■ **Your task**: The data below should be printed in full, exactly, and without any of its images.

■ **Recorded information**:
****************************************

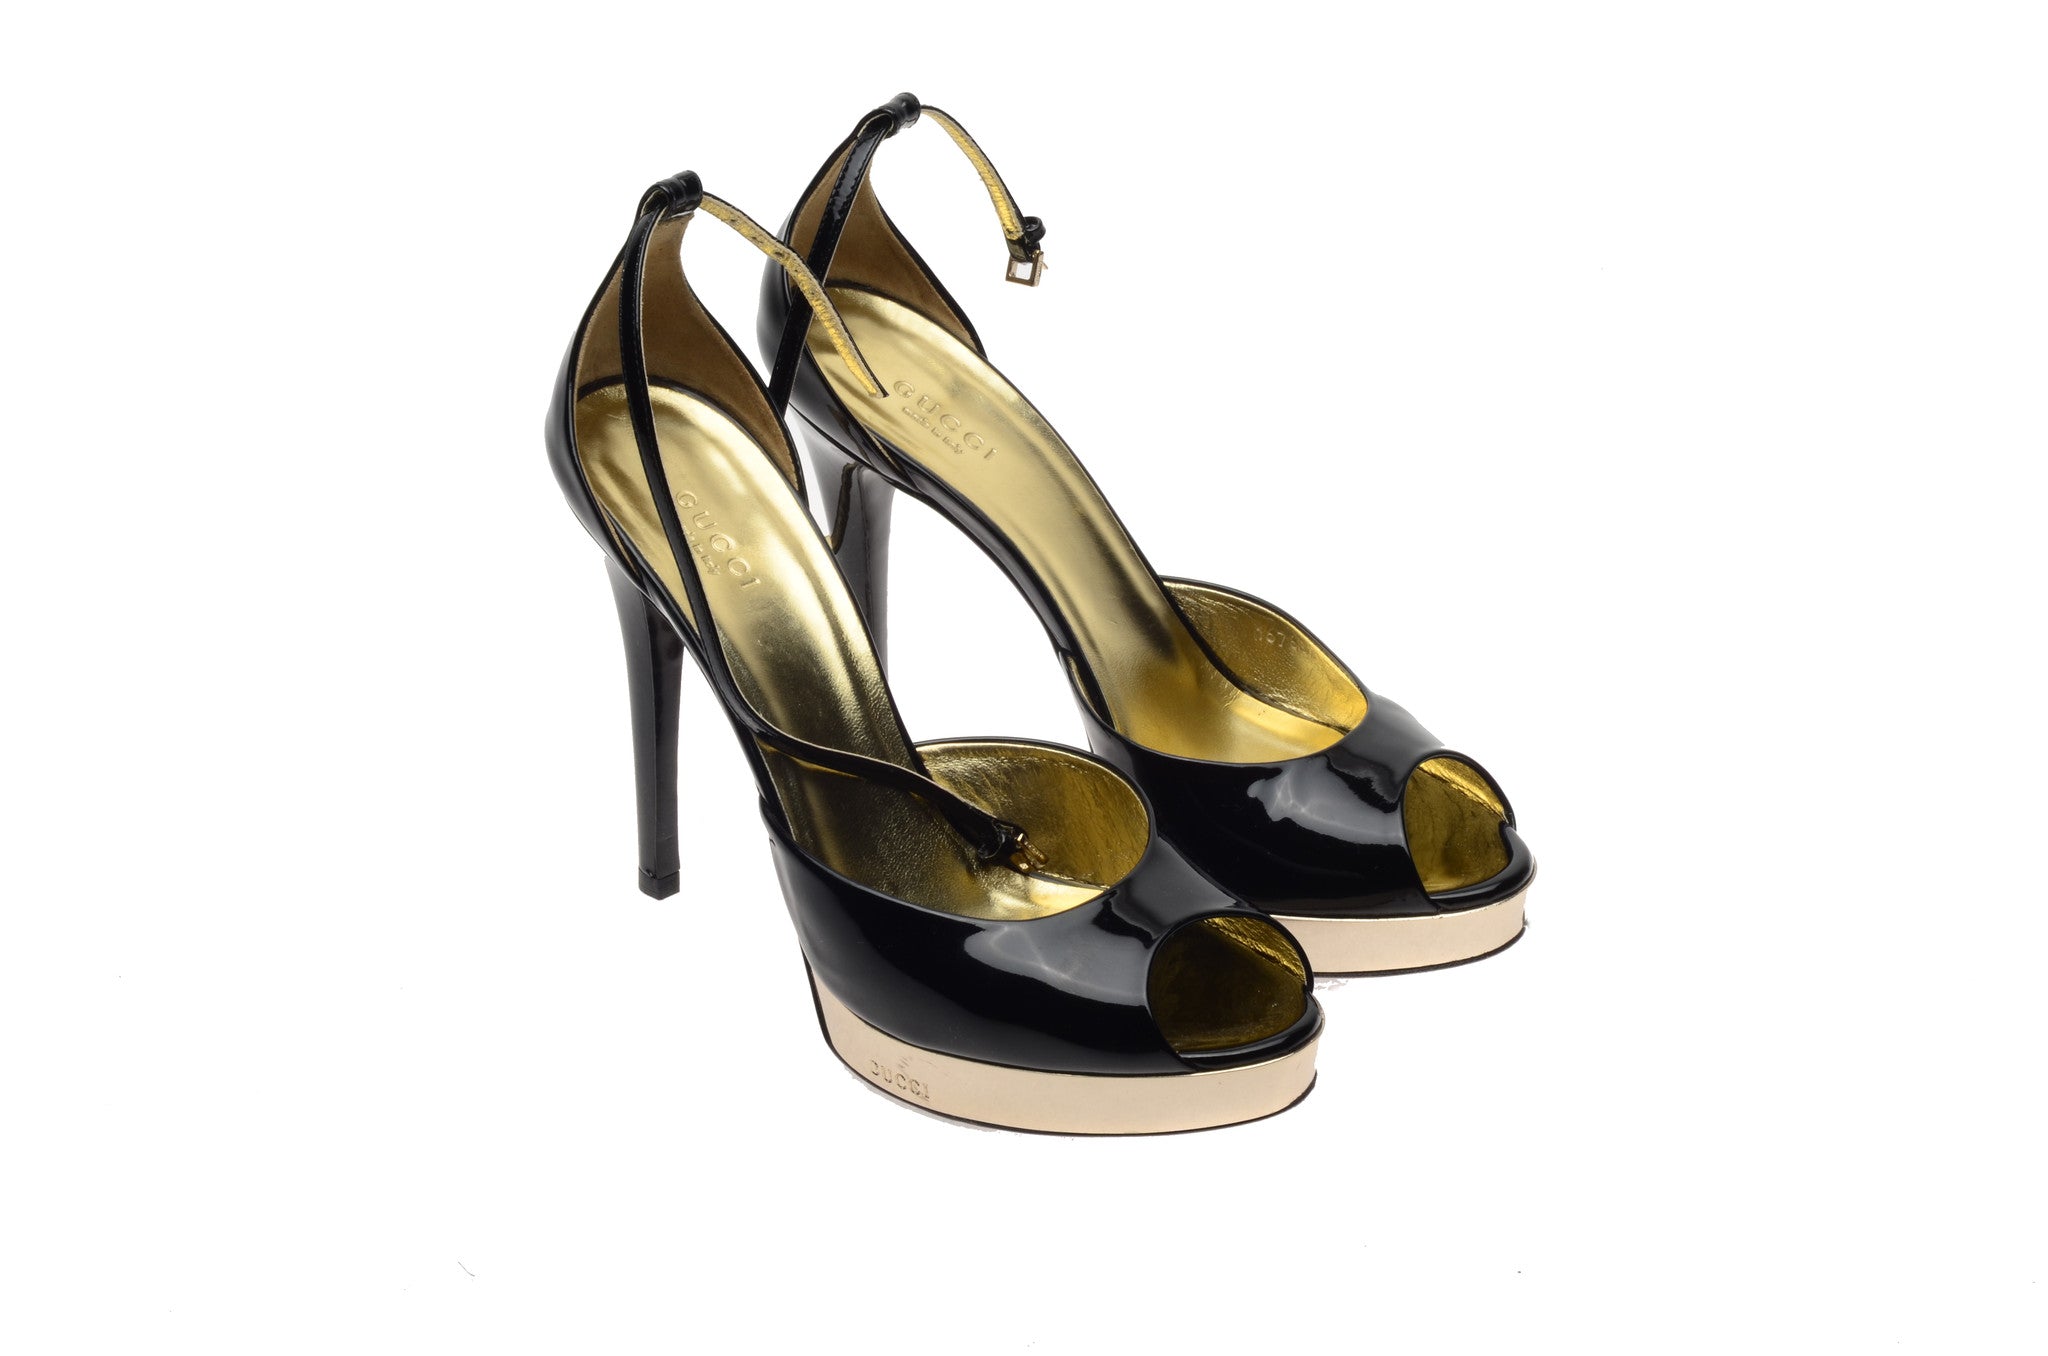 gucci black platform heels
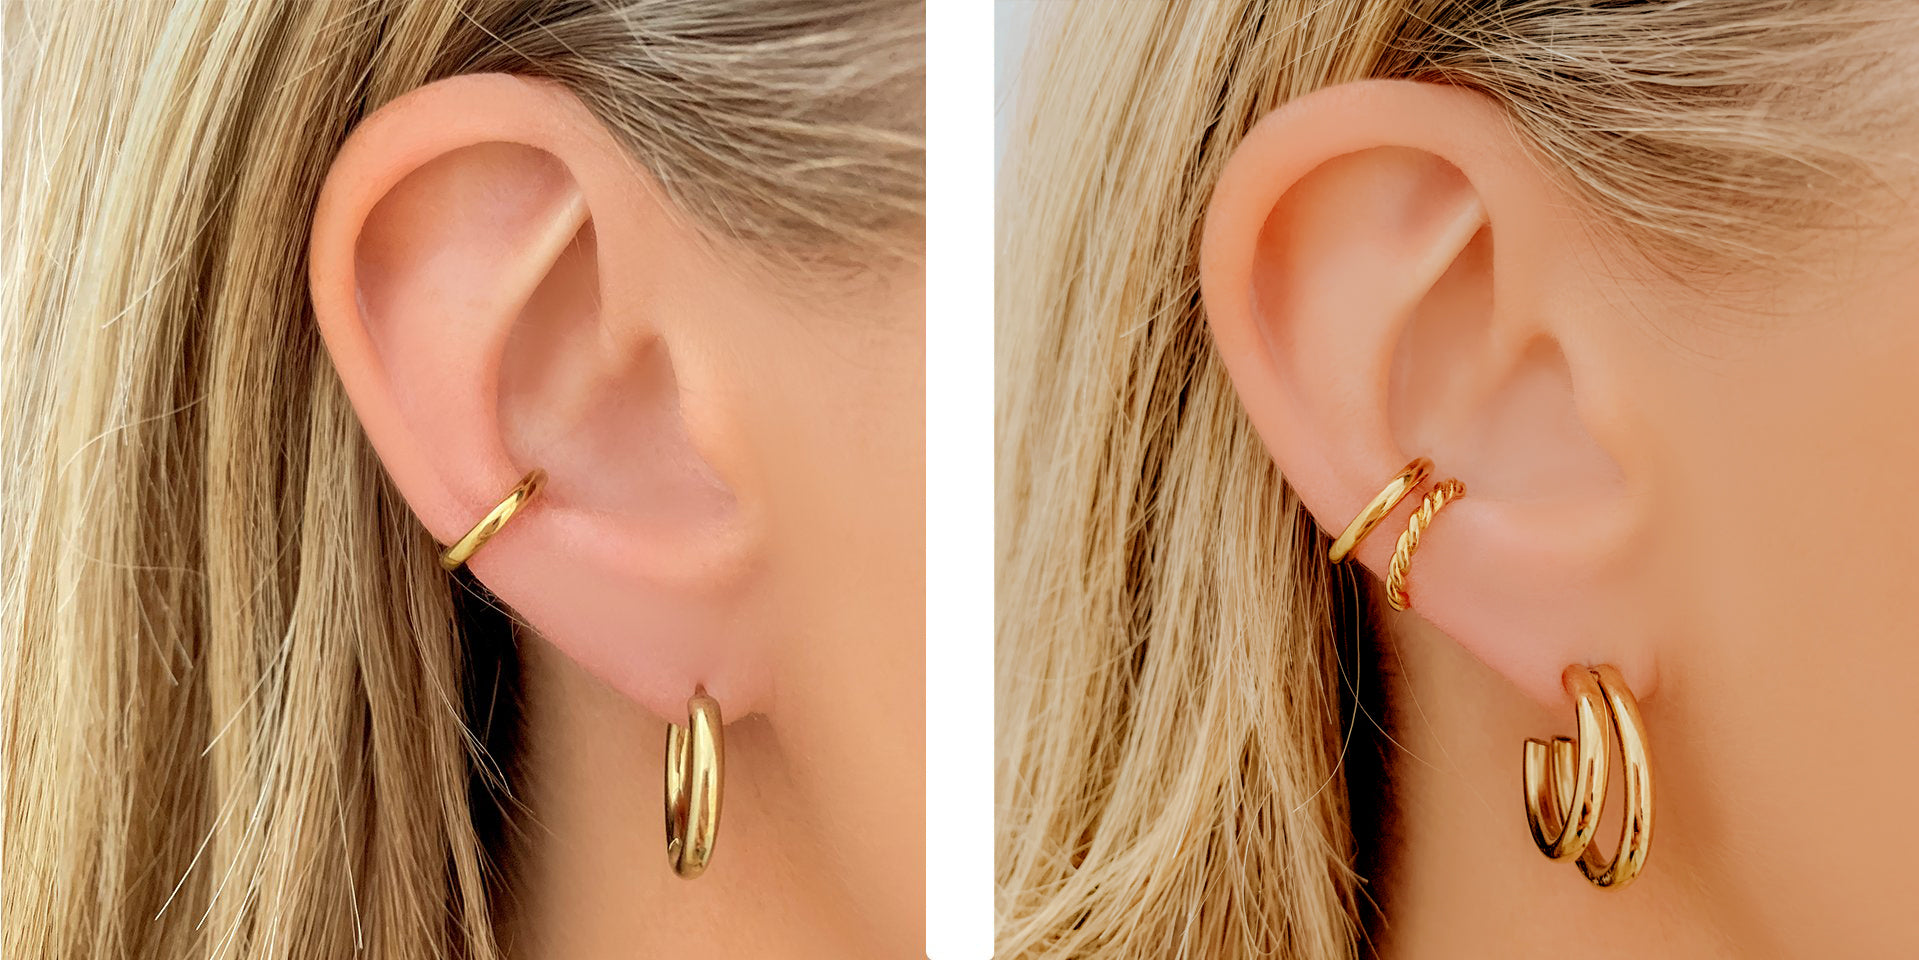 Sugar Blossom earrings on one piercing
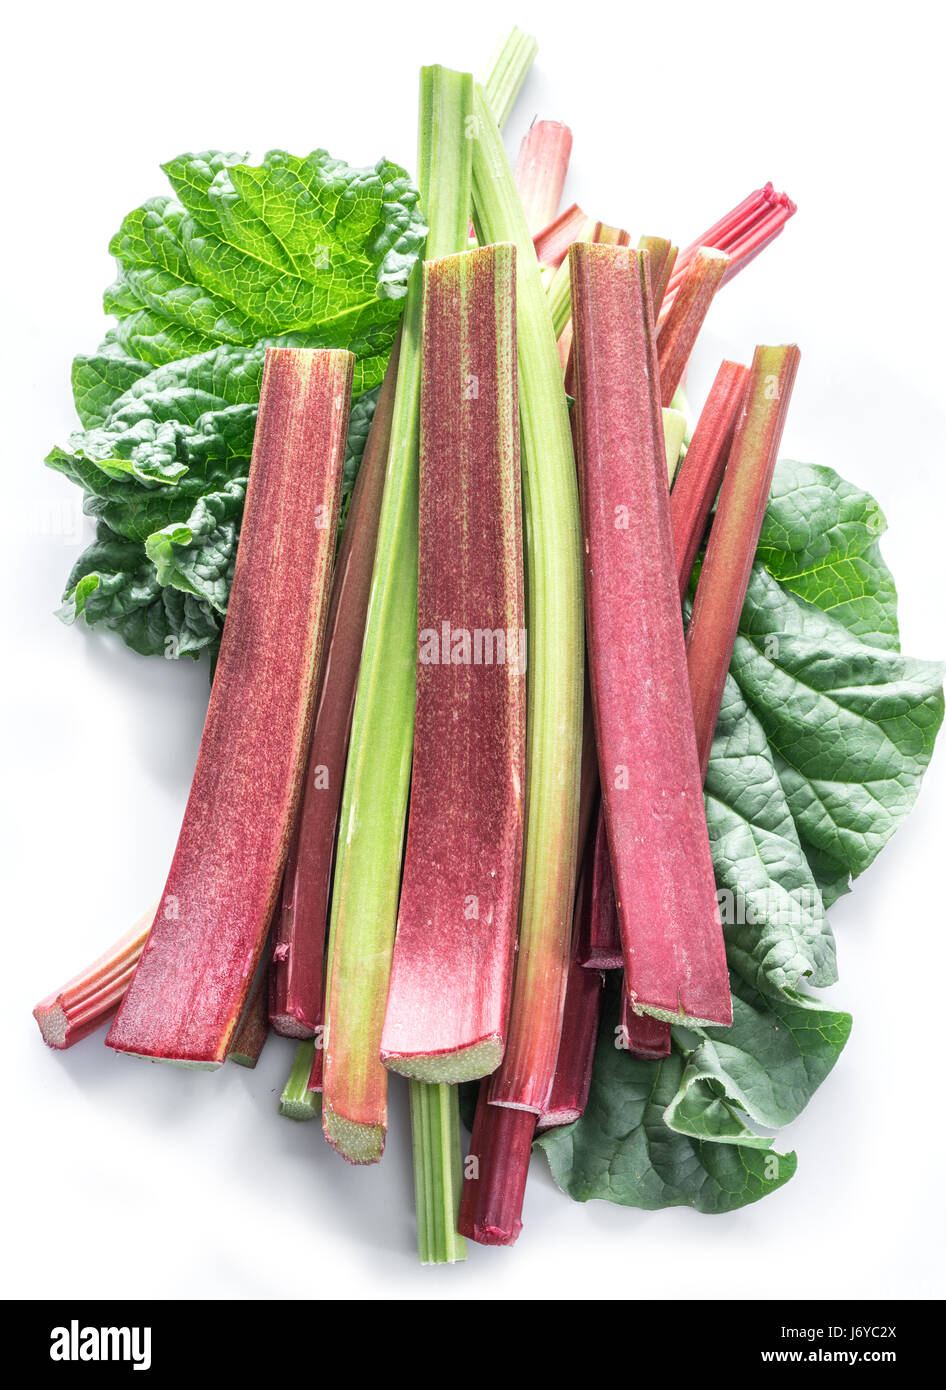 Edible rhubarb stalks on the white background. Stock Photo

****************************************

■ **Written response**:
 gucci black platform heels
 Sugar Blossom earrings on one piercing
 Edible rhubarb stalks on the white background. Stock Photo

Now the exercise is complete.